THE TASK >> Where a picture appears, skip it and copy everything else in the listing exactly.

DATA SEGMENT >>
• • • • •

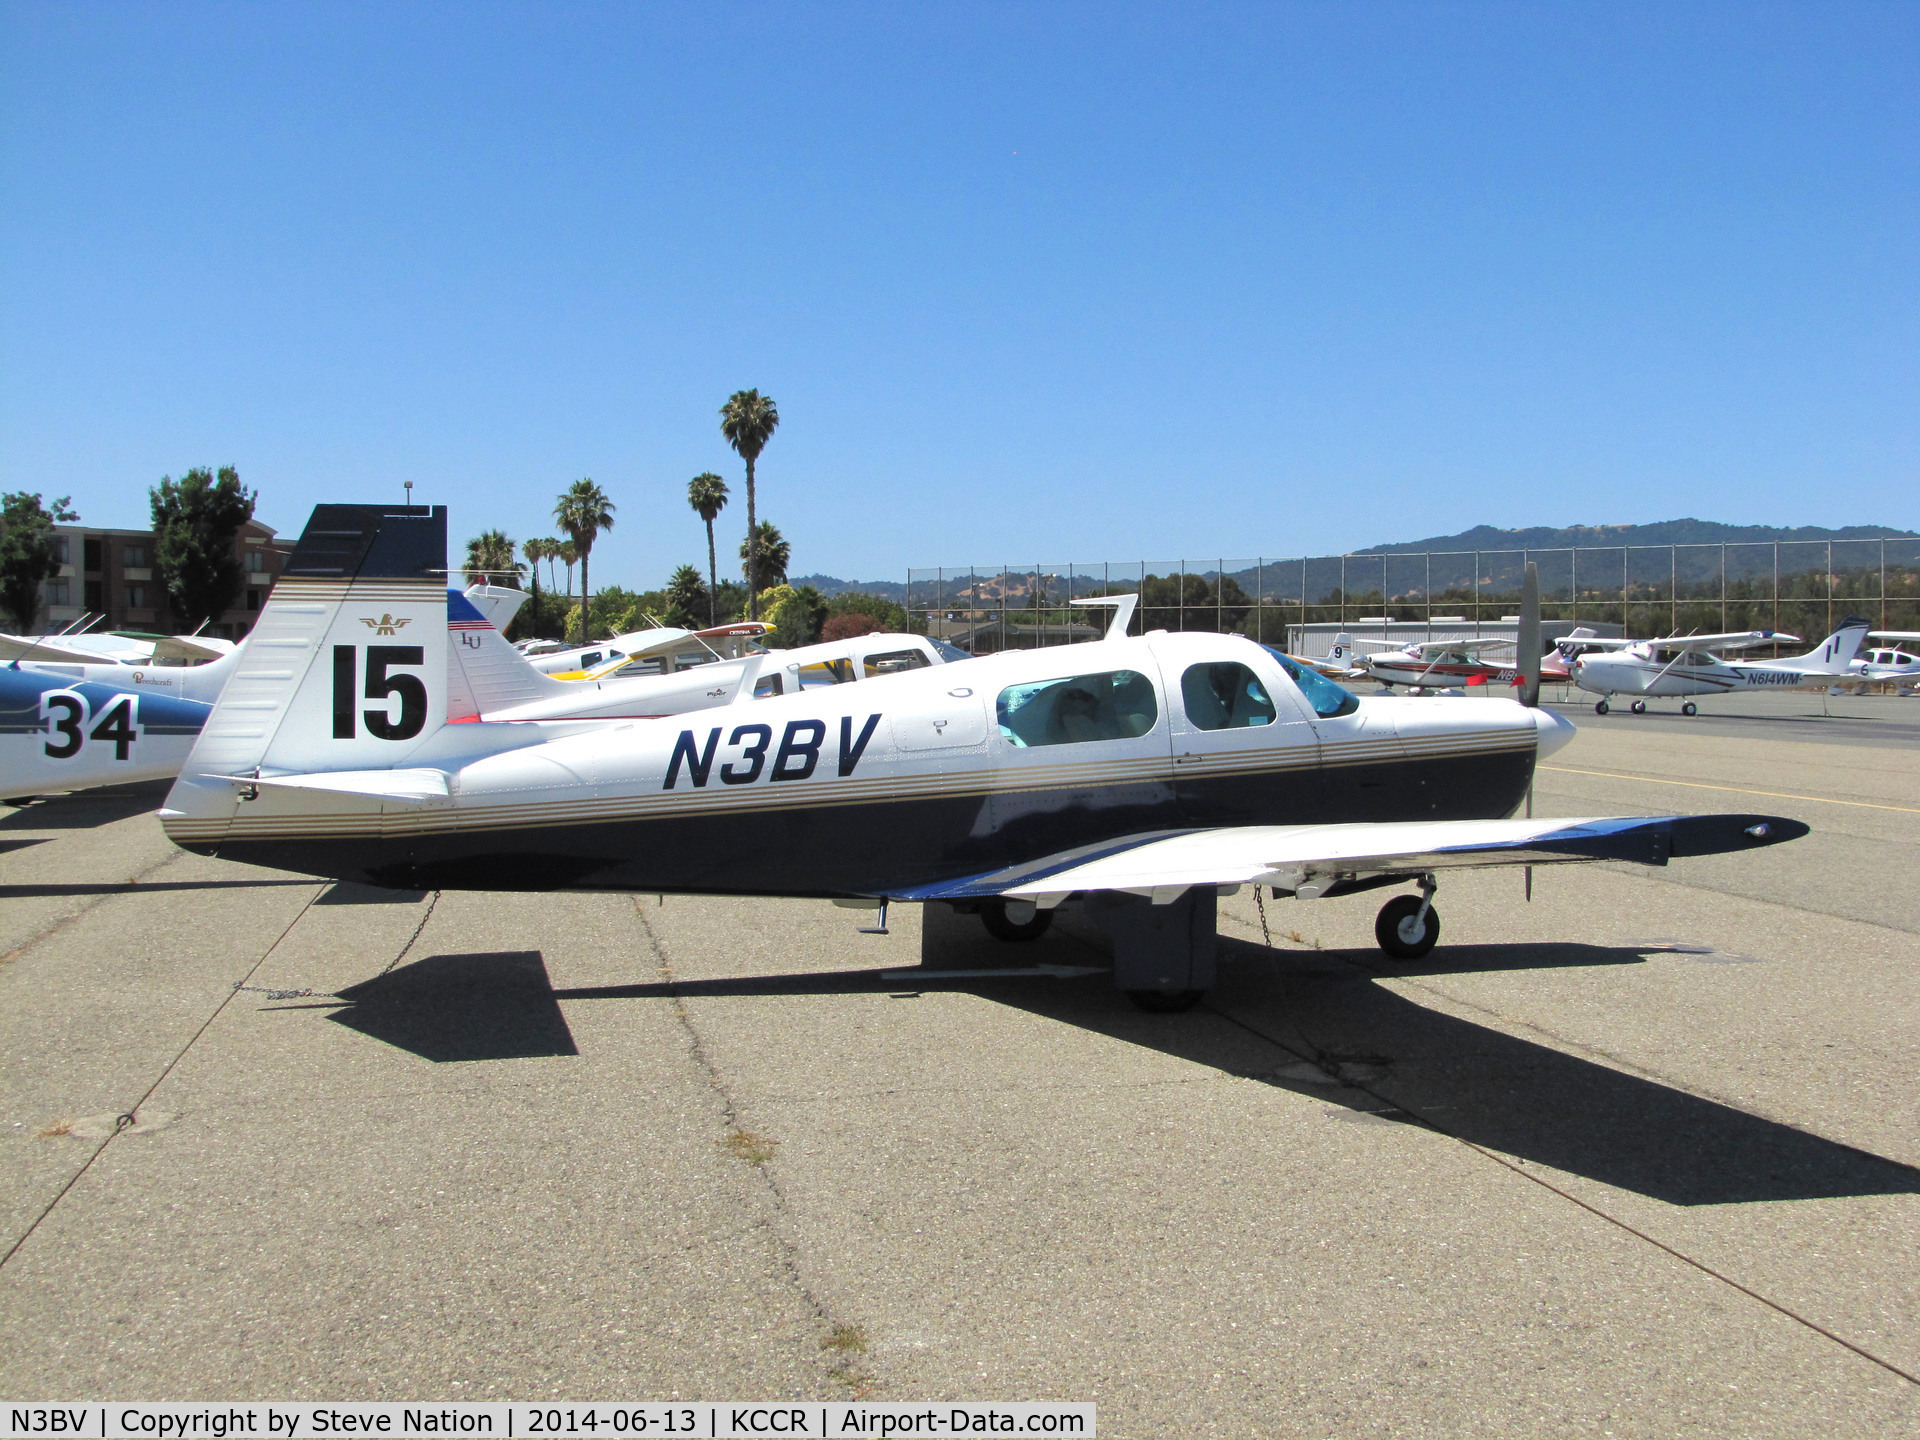 N3BV, 1975 Mooney M20F Executive C/N 22-1237, Pennsylvania-based 1975 Mooney M20F took part in 2014 Air Race Classic as Race #15. Photo @ Concord, CA prior to start of the cross country event. Pilots were Mary Wunder and Marilyn Patierno, aka 
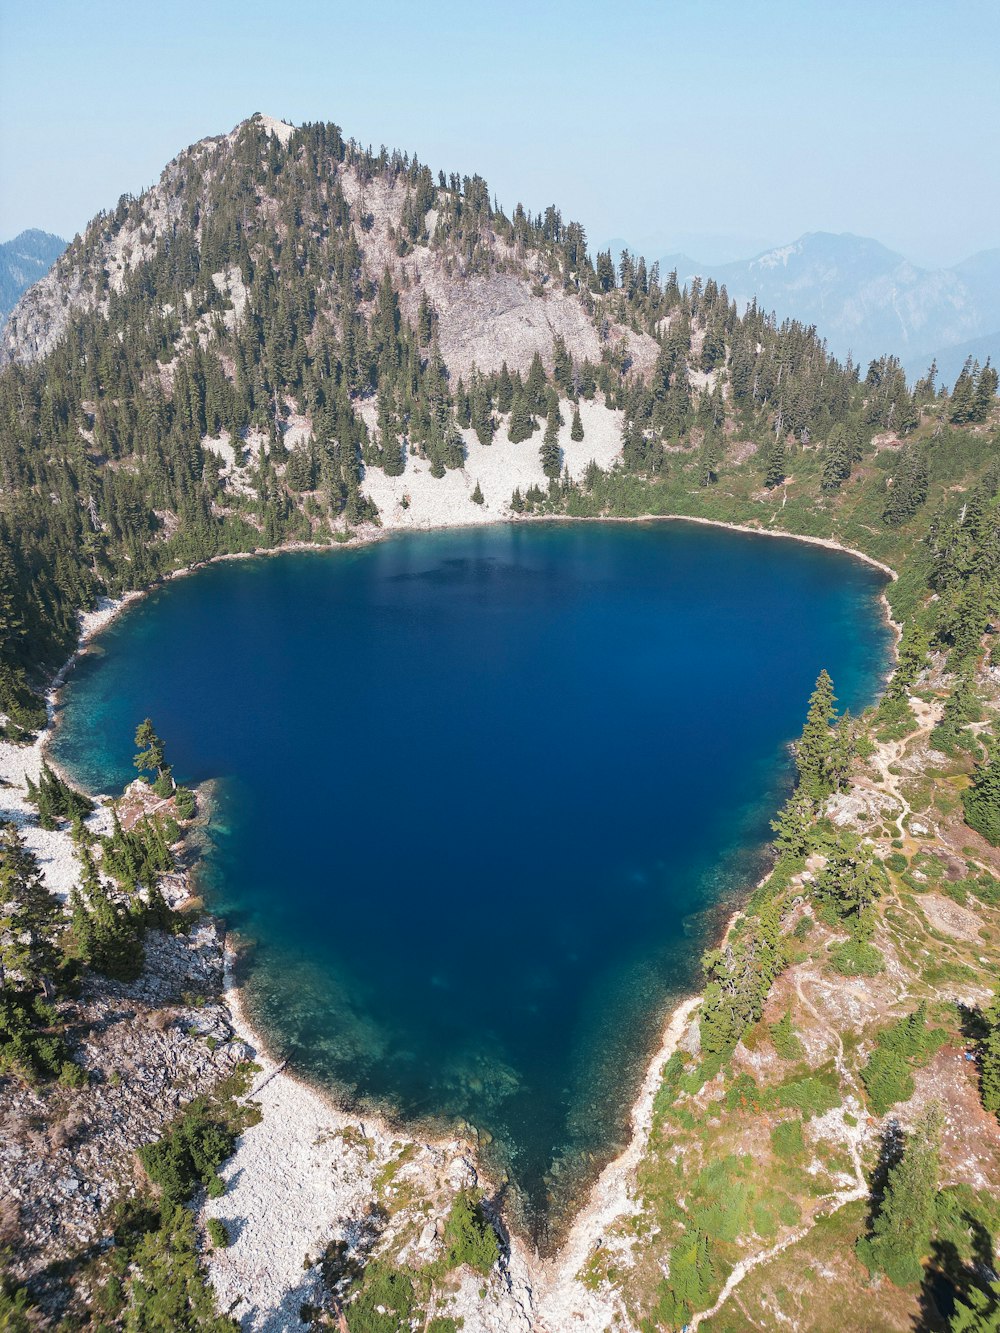 a large blue lake surrounded by mountains and trees
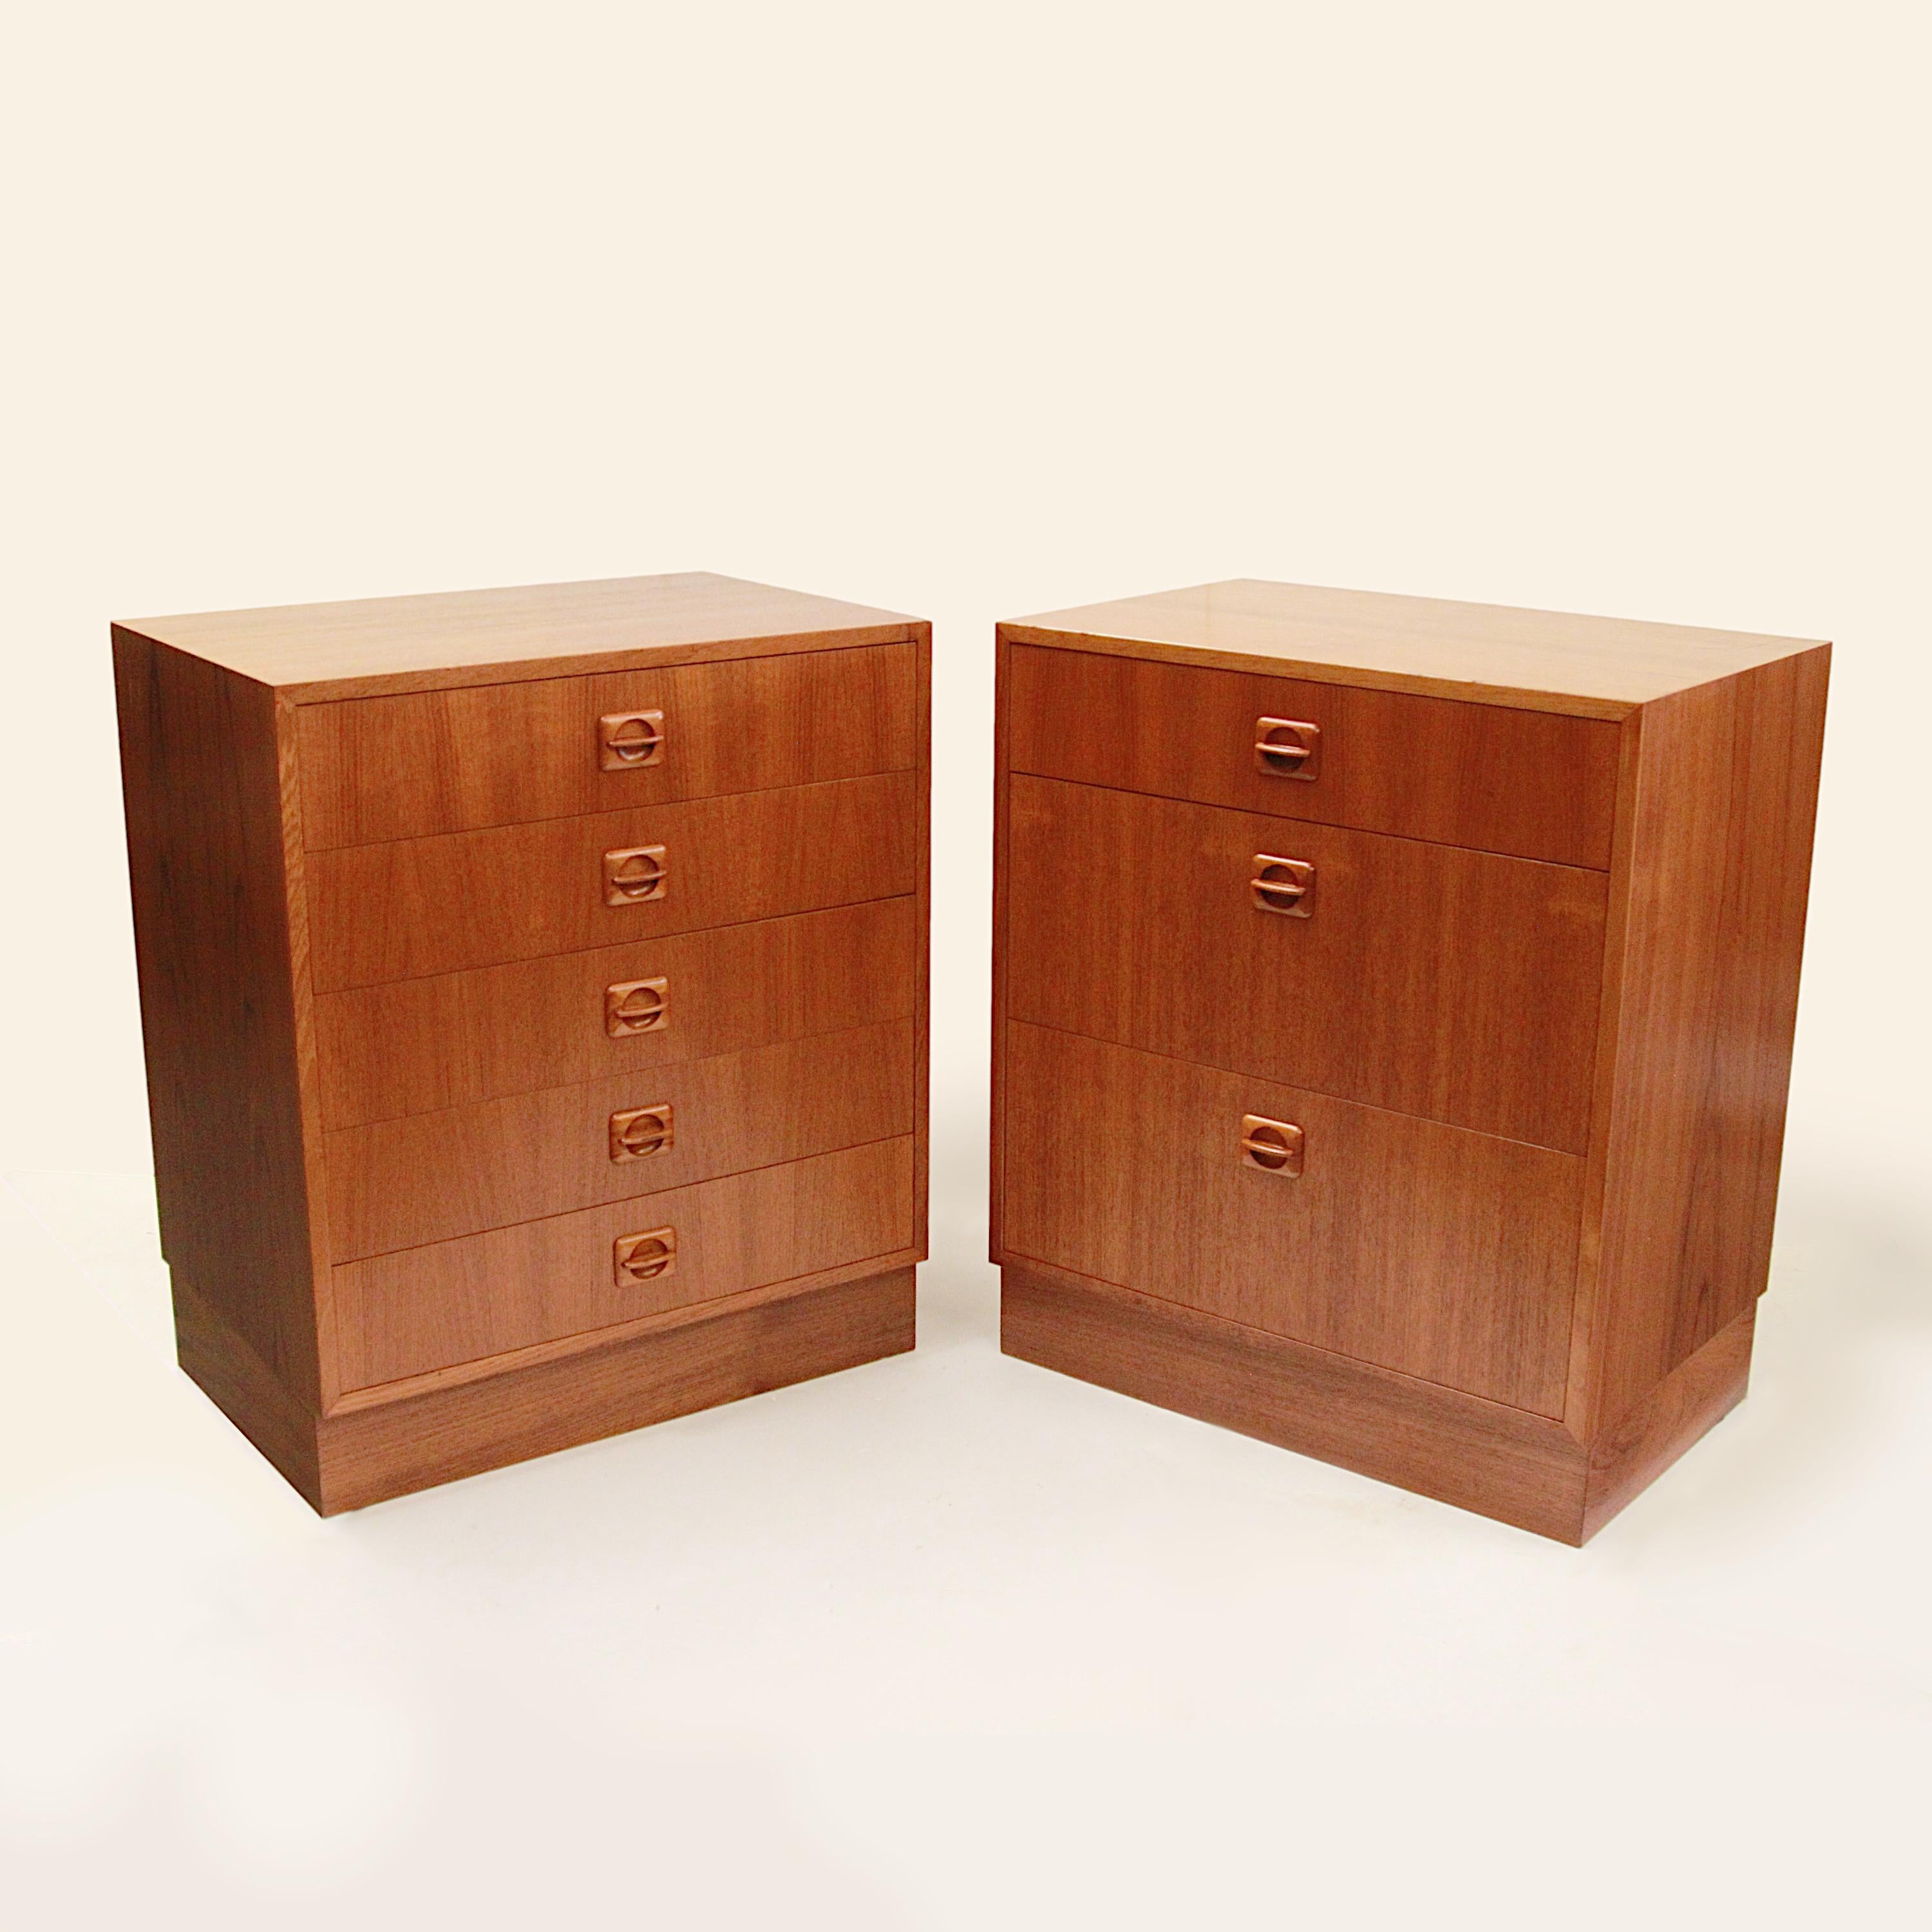 Wonderful matching pair of Danish dressers/nightstands. Dressers feature gorgeous teak veneer, sculpted teak drawer pulls and plenty of drawers (5 & 3 respectively)! With their soft wood tones Minimalist lines, and ample storage, these would make

• • • • •

REPLY >>
 N3BV, 1975 Mooney M20F Executive C/N 22-1237, Pennsylvania-based 1975 Mooney M20F took part in 2014 Air Race Classic as Race #15. Photo @ Concord, CA prior to start of the cross country event. Pilots were Mary Wunder and Marilyn Patierno, aka 
 a large blue lake surrounded by mountains and trees
 Wonderful matching pair of Danish dressers/nightstands. Dressers feature gorgeous teak veneer, sculpted teak drawer pulls and plenty of drawers (5 & 3 respectively)! With their soft wood tones Minimalist lines, and ample storage, these would make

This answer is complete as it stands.